El certificado digital de empresa es de esas cosas que solo miras el día que no funciona. Y ese día suele ser el peor posible: el último para presentar un modelo, o el que te toca firmar una subvención. Esta guía va de las tres cosas que de verdad importan: cuál de los tres certificados necesitas, qué pasa si se te caduca, y qué trabajo administrativo puedes automatizar una vez lo tienes.

La última parte es la que casi nunca se cuenta, y es la única que te devuelve horas.

Guía relacionada: qué es la automatización de procesos — la guía completa, con ejemplos por departamento.

¿Cuál de los tres certificados de representante necesitas?

Aquí es donde se pierde más tiempo, porque la FNMT no emite «el certificado de empresa»: emite tres tipos distintos de certificado de representante, todos ellos cualificados según el Reglamento (UE) 910/2014. Elegir mal significa repetir el trámite entero.
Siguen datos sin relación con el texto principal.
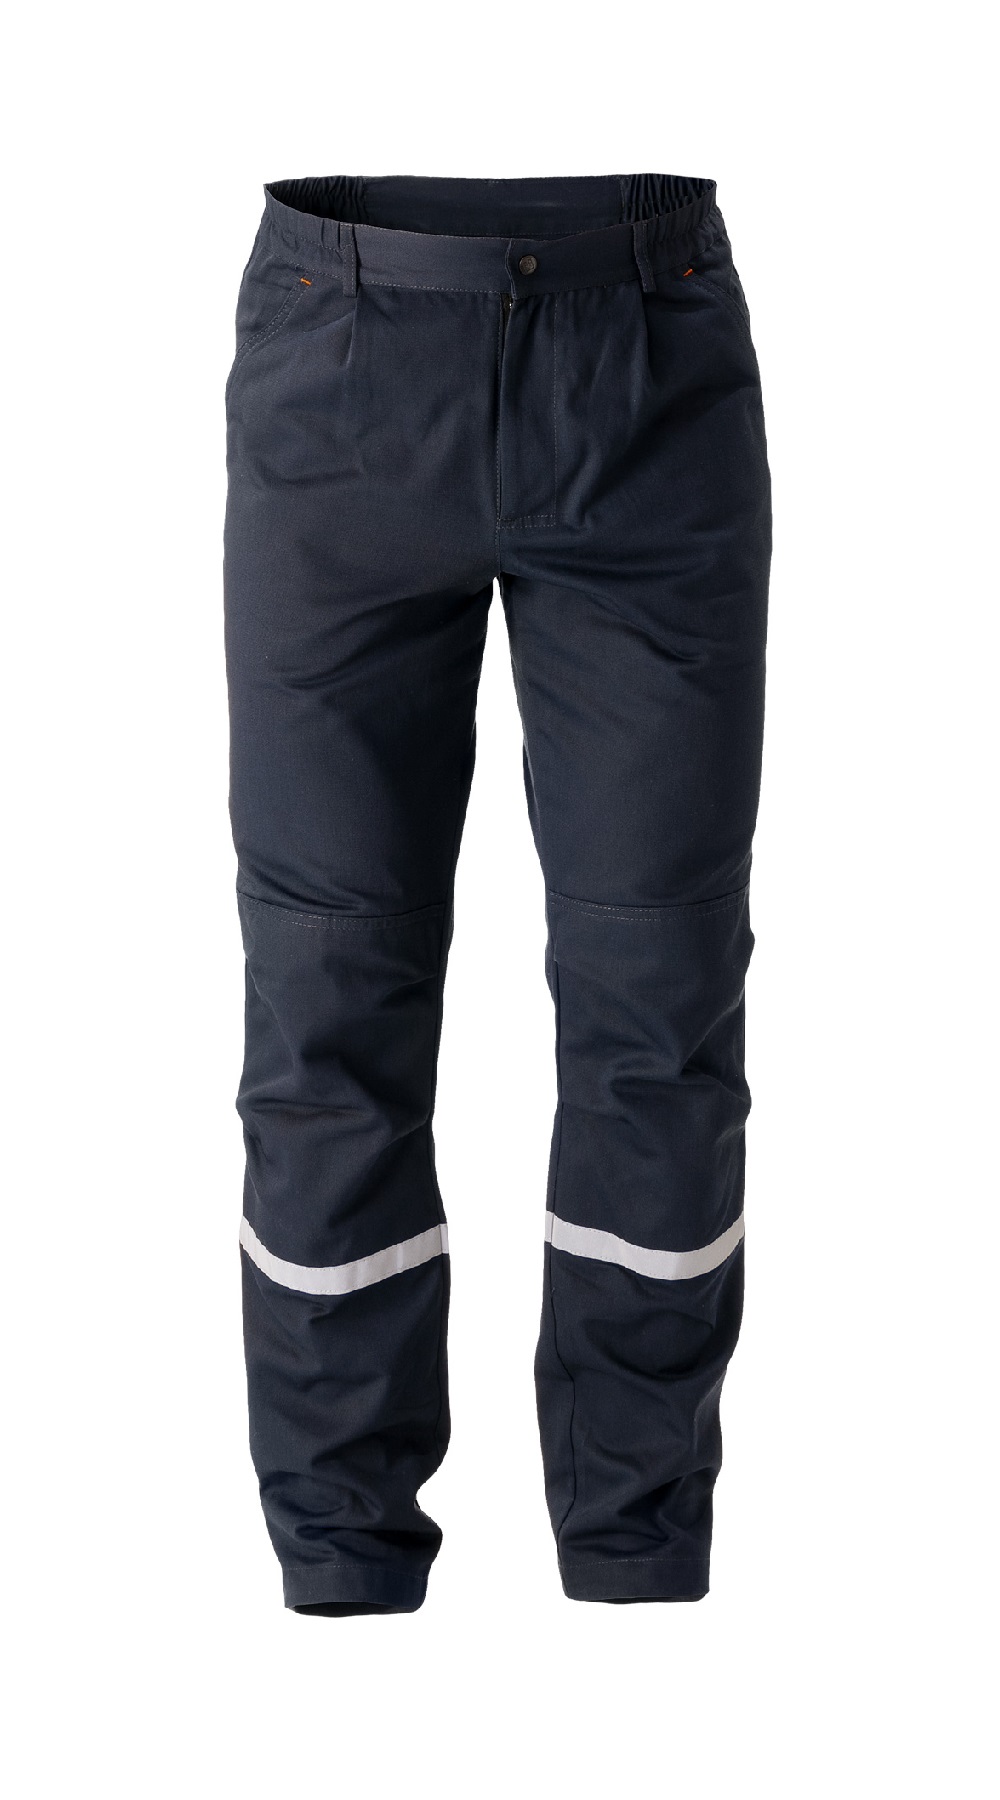 Летние брюки "ТЕХНОЛОГ"  мужские,  цвет:темно - серый, ткань: 100% ХБ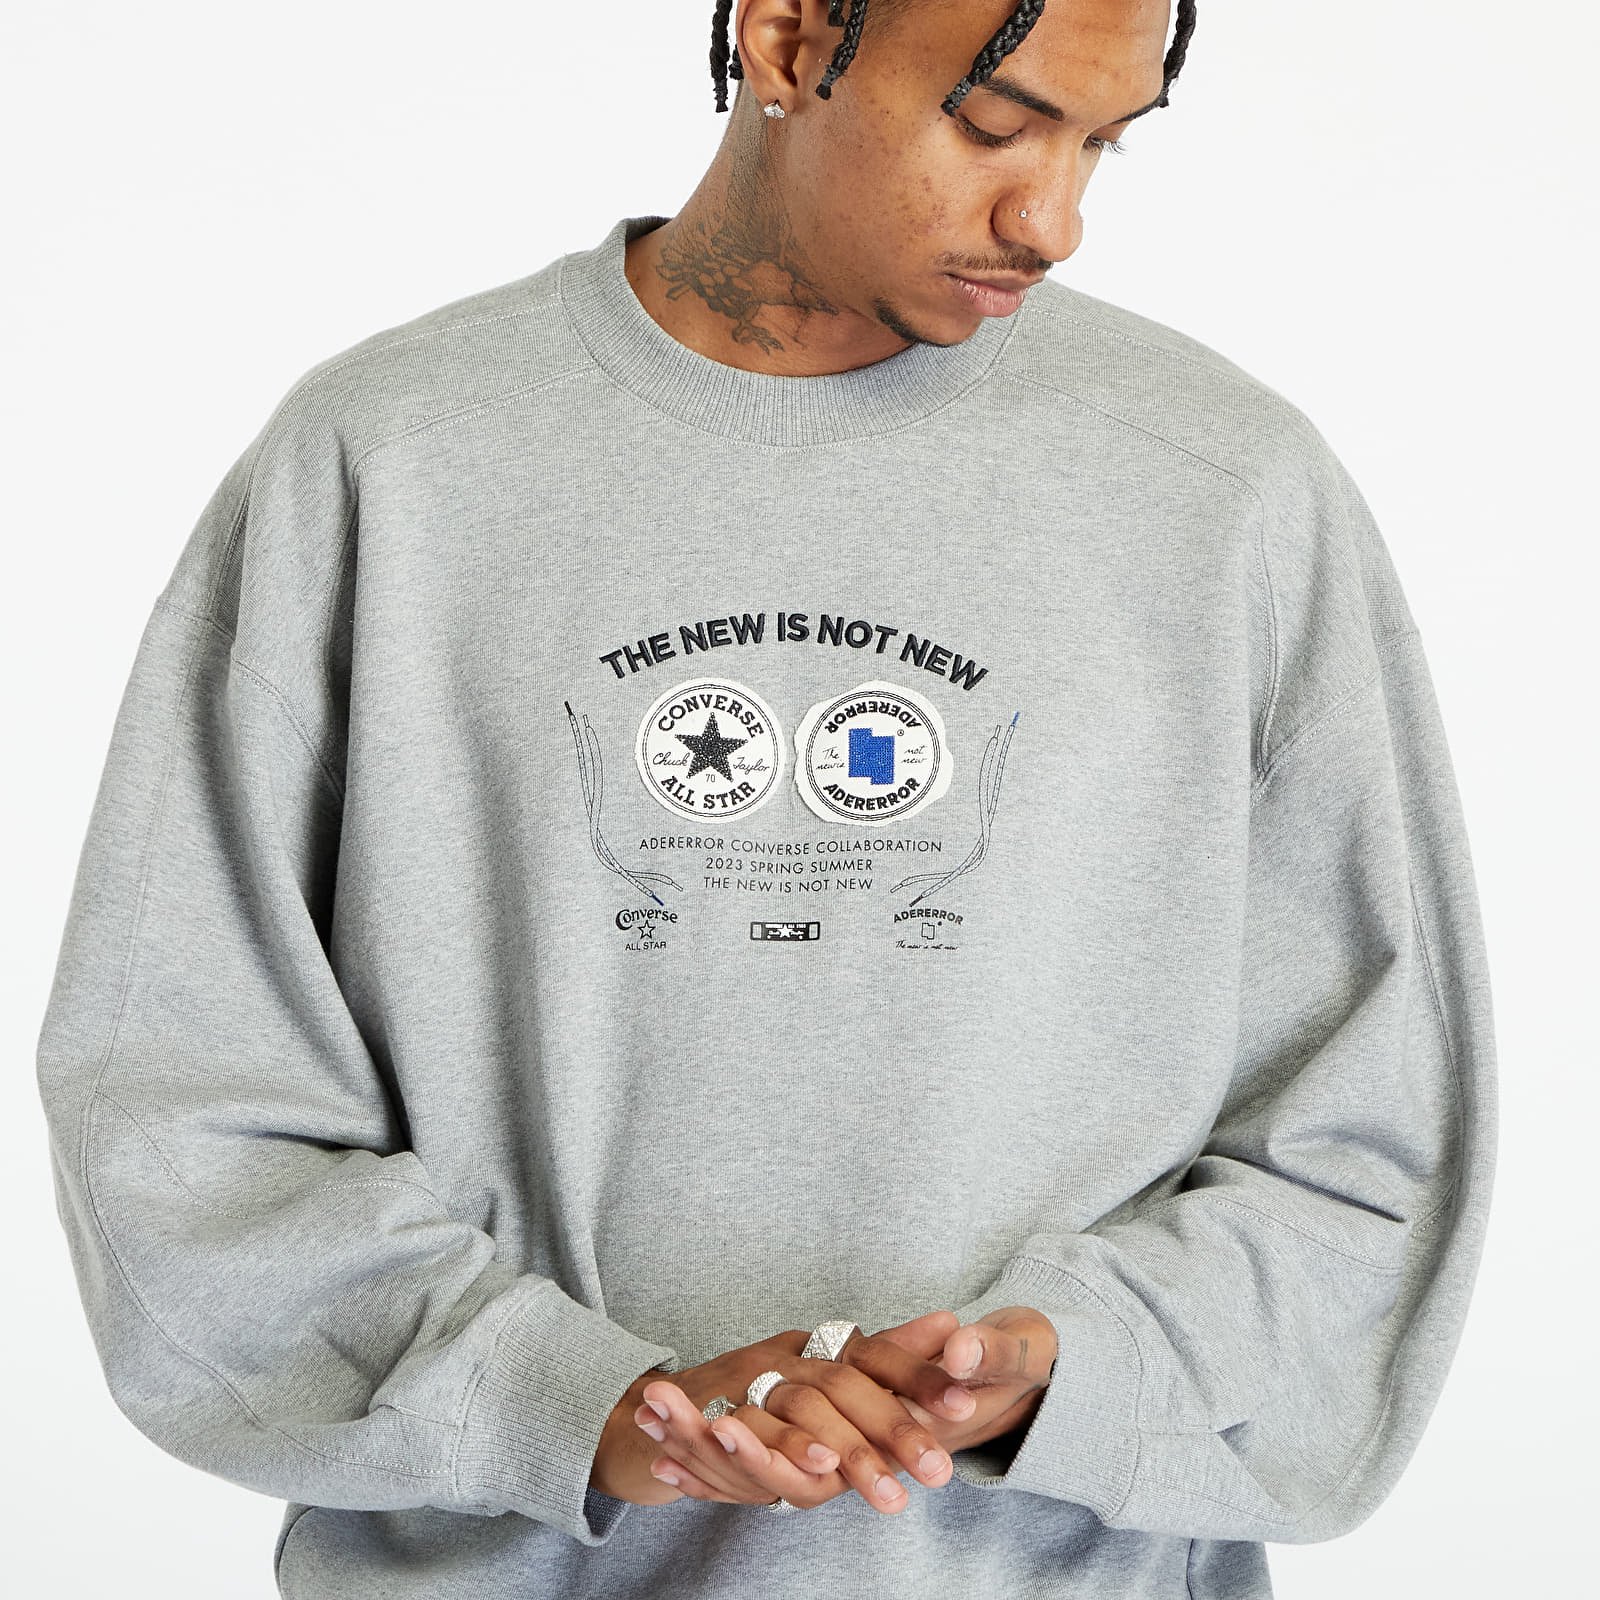 | x SHAPES ERROR ADER 10025818-A01 Vintage Sweater FLEXDOG Converse Crew

  • Representante para Administrador Único o Solidario. El caso más común en una pyme con un solo administrador. Es el que más fácil se obtiene, porque el cargo se acredita directamente contra el Registro Mercantil.
  • Representante de Persona Jurídica. Para sociedades cuya representación no encaja en el supuesto anterior: administradores mancomunados, consejeros delegados, apoderados.
  • Representante de Entidad sin Personalidad Jurídica. Comunidades de bienes, comunidades de propietarios, herencias yacentes y demás entidades sin forma societaria.

El requisito que tumba más solicitudes es siempre el mismo: el cargo de administrador tiene que estar vigente e inscrito en el Registro Mercantil. Si renovaste el cargo y no lo inscribiste, o si la inscripción está en trámite, la solicitud no sale adelante por mucho que la escritura esté firmada.

Y ojo con confundirlo con el certificado de persona física. El tuyo personal sirve para tus cosas; para actuar en nombre de la sociedad necesitas el de representante. Son distintos y no se sustituyen.

¿Qué pasa si el certificado ya está caducado?

Esta es la parte que conviene tatuarse, porque no admite negociación: la renovación telemática solo está disponible durante los 60 días anteriores a la caducidad. Ni uno más.

Si el certificado caduca o se revoca, el proceso de renovación se inhabilita y hay que empezar la solicitud desde cero. Eso significa volver a acreditar la identidad y volver a pasar por la documentación del Registro Mercantil, con los plazos que eso arrastra. Lo que eran veinte minutos delante del ordenador se convierten en días.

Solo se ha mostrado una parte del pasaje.